Use this checklist when assessing any incident:

### Initial assessment (within 1 hour)

* [ ] How was issue detected?
* [ ] Is issue ongoing or resolved?
* [ ] How many customers affected?
* [ ] Estimated financial exposure?
* [ ] Are customers blocked from operations?
* [ ] Have any returns been filed?

### Detailed assessment (within 4 hours)

* [ ] Exact customer list identified?
* [ ] Precise financial exposure calculated?
* [ ] Root cause identified?
* [ ] Fix verified?
* [ ] Compliance lifecycle impact determined?
* [ ] Direction of error confirmed?
* [ ] Blast radius assessed?
* [ ] Regulatory sensitivity evaluated?
* [ ] Responsibility determined?

### Remediation planning (within 8 hours)

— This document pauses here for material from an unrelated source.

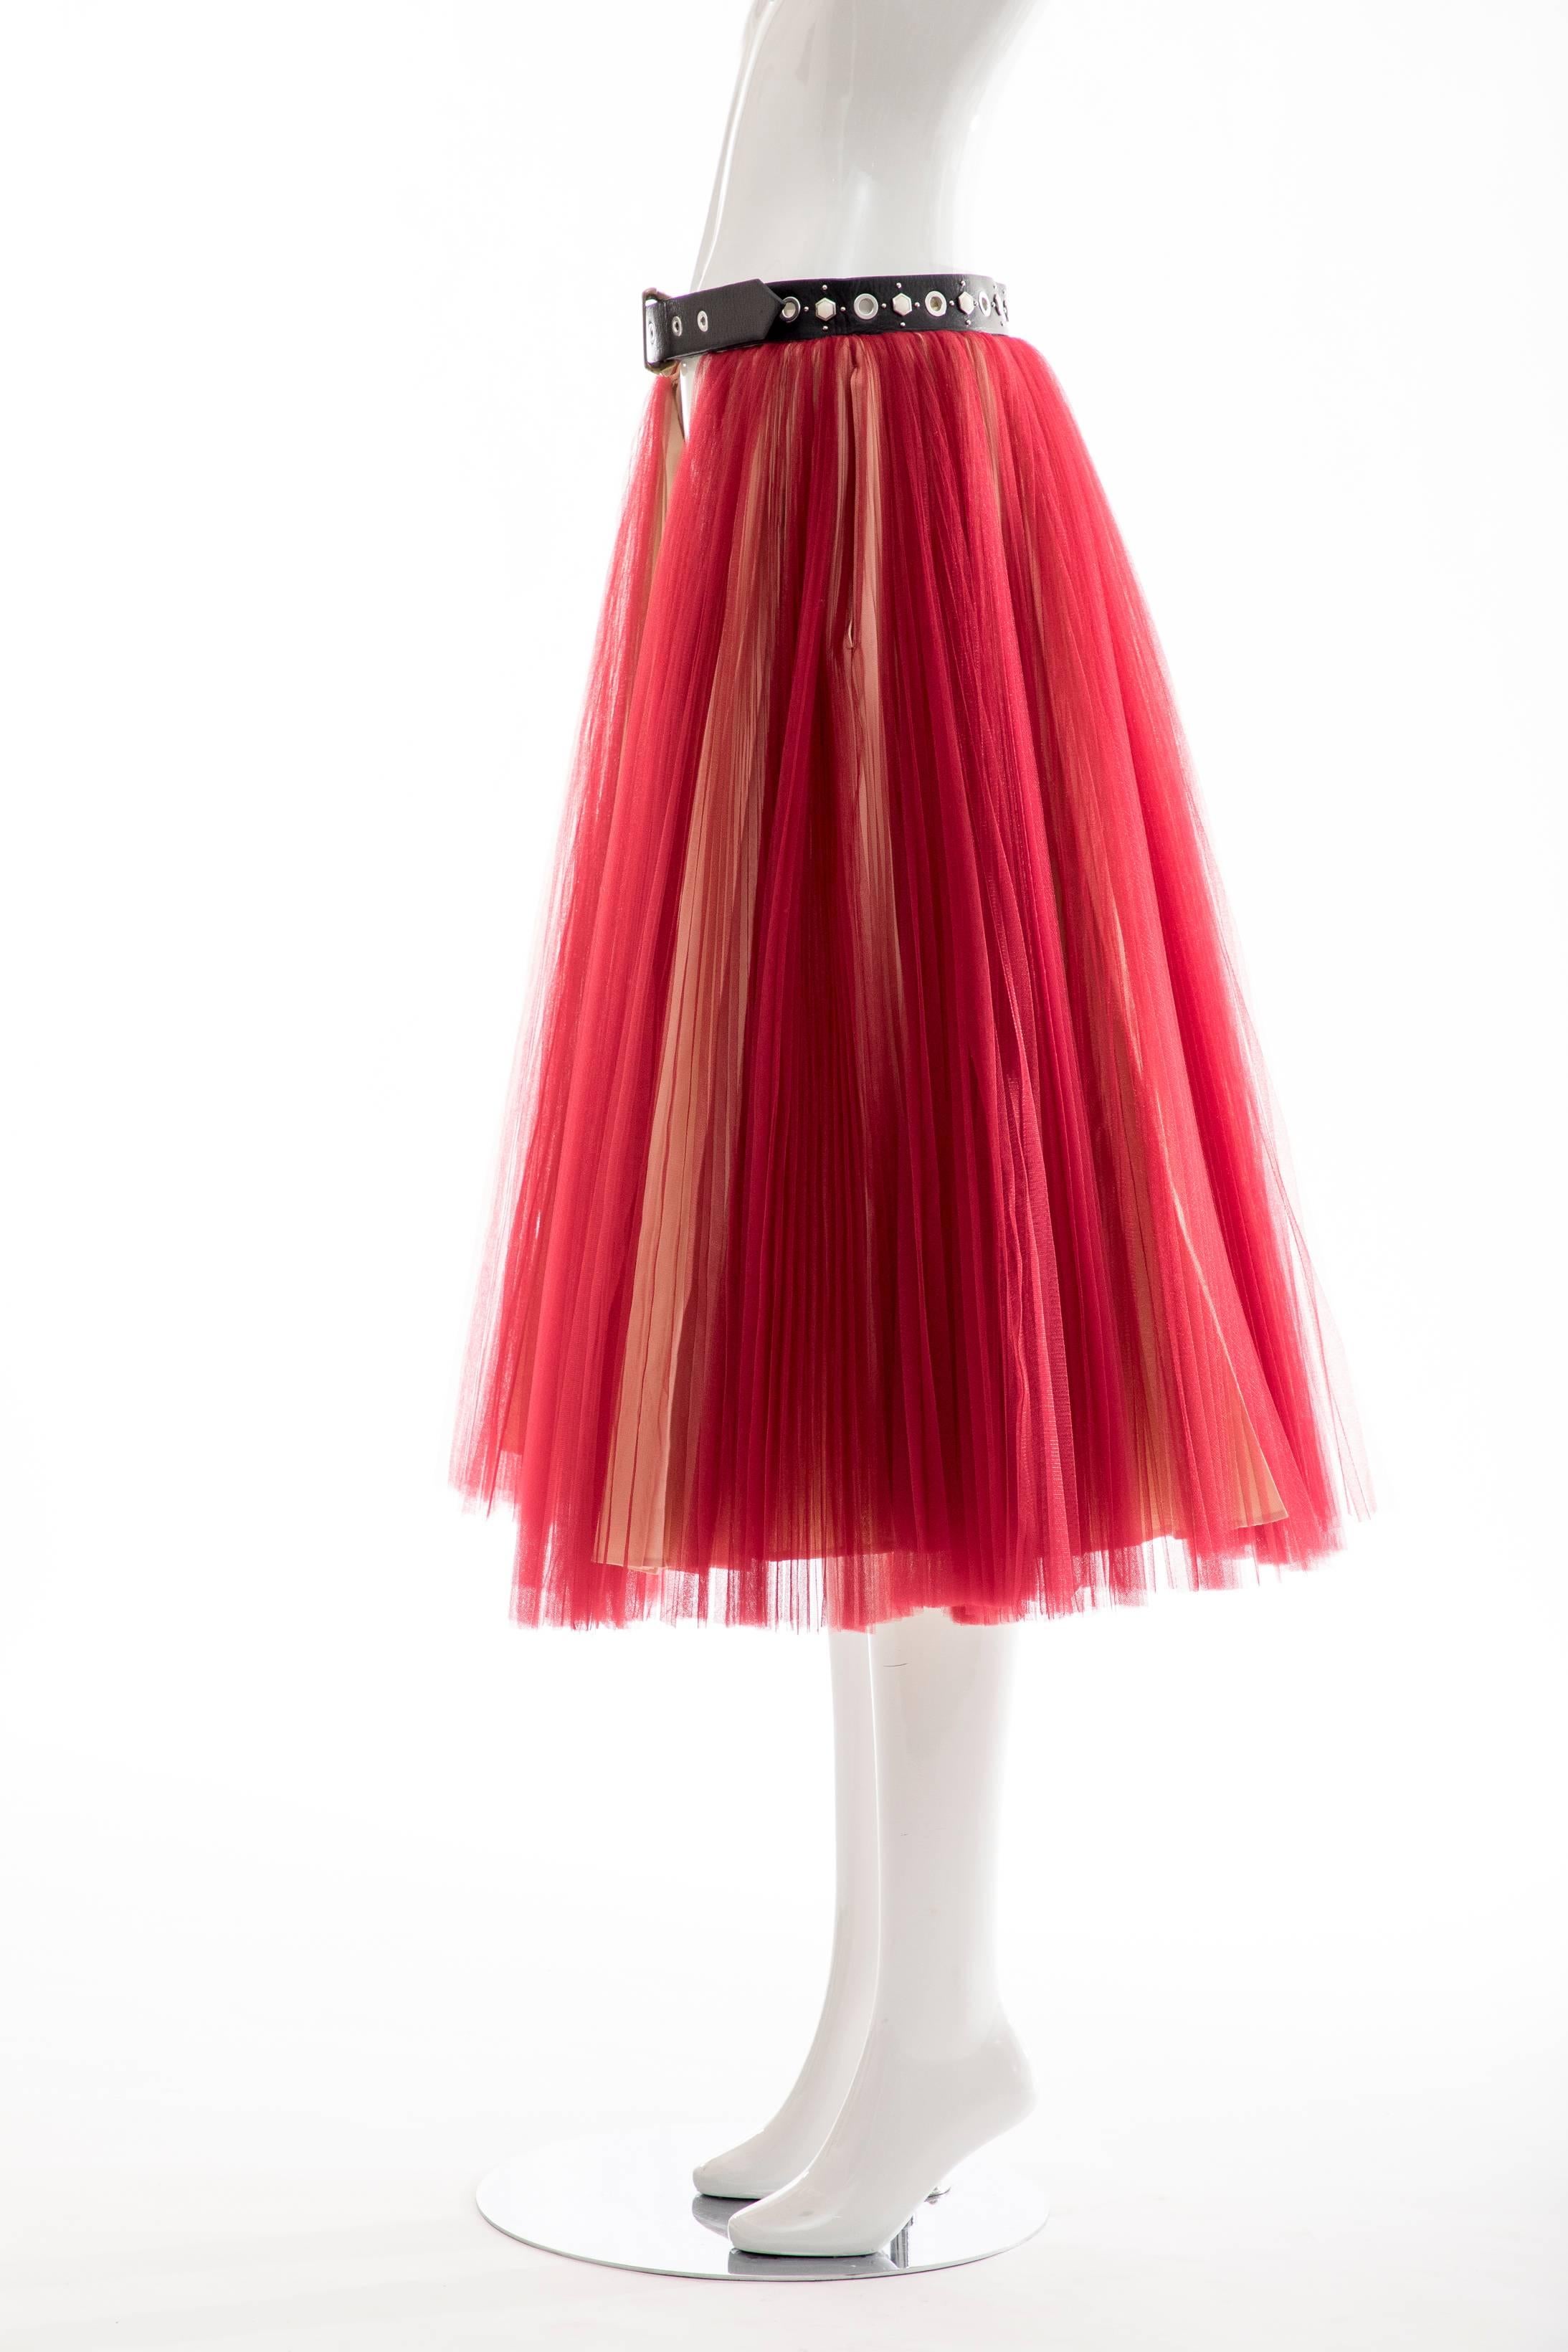 Undercover - Jun Takahashi Red Tulle Silver Pleated Skirt, Spring 2016 6

* [ ] Scenario classification determined?
* [ ] Remediation approach selected?
* [ ] Customer communications drafted?
* [ ] Approval obtained?
* [ ] Resources allocated?
* [ ] Timeline established?

### Execution tracking (ongoing)

* [ ] Customers notified?
* [ ] Remediation actions in progress?
* [ ] Customer responses tracked?
* [ ] Technical corrections completed?
* [ ] Documentation maintained?
* [ ] Lessons learned captured?

## Escalation triggers

Escalate immediately if any of these conditions are met:

### To manager

* Exposure > \$5,000
* Multiple customers affected
* Customer is upset or threatening
* Unclear how to proceed
* Issue is growing

### To executive team

* Exposure > \$10,000
* Filed returns impacted
* Customer threatens legal action
* Media attention
* Regulatory inquiry
* Platform-wide issue

### To SWAT team

* Exposure > \$100,000
* Real-time reporting jurisdictions affected
* Cascading downstream effects
* Reputational risk
* Multiple executives involved

## Common assessment mistakes

### Underestimating scope

**Mistake:** Assuming issue is isolated when it's actually systemic

**Prevention:**

* Always ask: "Could this affect other customers?"
* Check for common factors (integration, jurisdiction, feature)
* Review recent changes that could have broader impact

### Overestimating urgency

**Mistake:** Treating every issue as critical

**Prevention:**

* Use decision matrix objectively
* Consider actual customer impact, not just dollar amount
* Distinguish between urgent and important

### Delayed escalation

**Mistake:** Trying to handle beyond your authority level

**Prevention:**

* Escalate early when in doubt
* Use escalation triggers as guide
* Better to escalate unnecessarily than too late

### Incomplete assessment

**Mistake:** Starting remediation before full assessment

**Prevention:**

* Complete assessment checklist
* Gather all facts first
* Don't rush to solutions

### Poor documentation

**Mistake:** Not documenting assessment and decisions

**Prevention:**

* Document as you go
* Record key decisions and rationale
* Maintain audit trail

## Assessment tools

### Exposure calculator

```
Total Exposure = Σ (Transaction Amount × Tax Rate Difference)

Where:
- Transaction Amount = Taxable amount per transaction
- Tax Rate Difference = |Correct Rate - Applied Rate|
- Σ = Sum across all affected transactions
```

### Customer impact score

```
Impact Score = (Exposure × Urgency × Relationship Value) / 1000

Where:
- Exposure = Dollar amount
- Urgency = 1 (low) to 5 (critical)
- Relationship Value = 1 (small) to 5 (strategic)

Score > 50 = Executive involvement
Score 20-50 = Manager involvement
Score < 20 = Account manager handles
```

### Remediation complexity score

```
Complexity = (Customers × Jurisdictions × Filing Status × Direction)

Where:
- Customers = Number affected
- Jurisdictions = Number affected
- Filing Status = 1 (pre-filing) or 3 (post-filing)
- Direction = 1 (over) or 2 (under) or 3 (wrong jurisdiction)

Score > 50 = High complexity (SWAT team)
Score 20-50 = Moderate complexity (Manager + team)
Score < 20 = Low complexity (Account manager)
```

Use these tools as guides, not absolute rules. Apply judgment based on specific circumstances.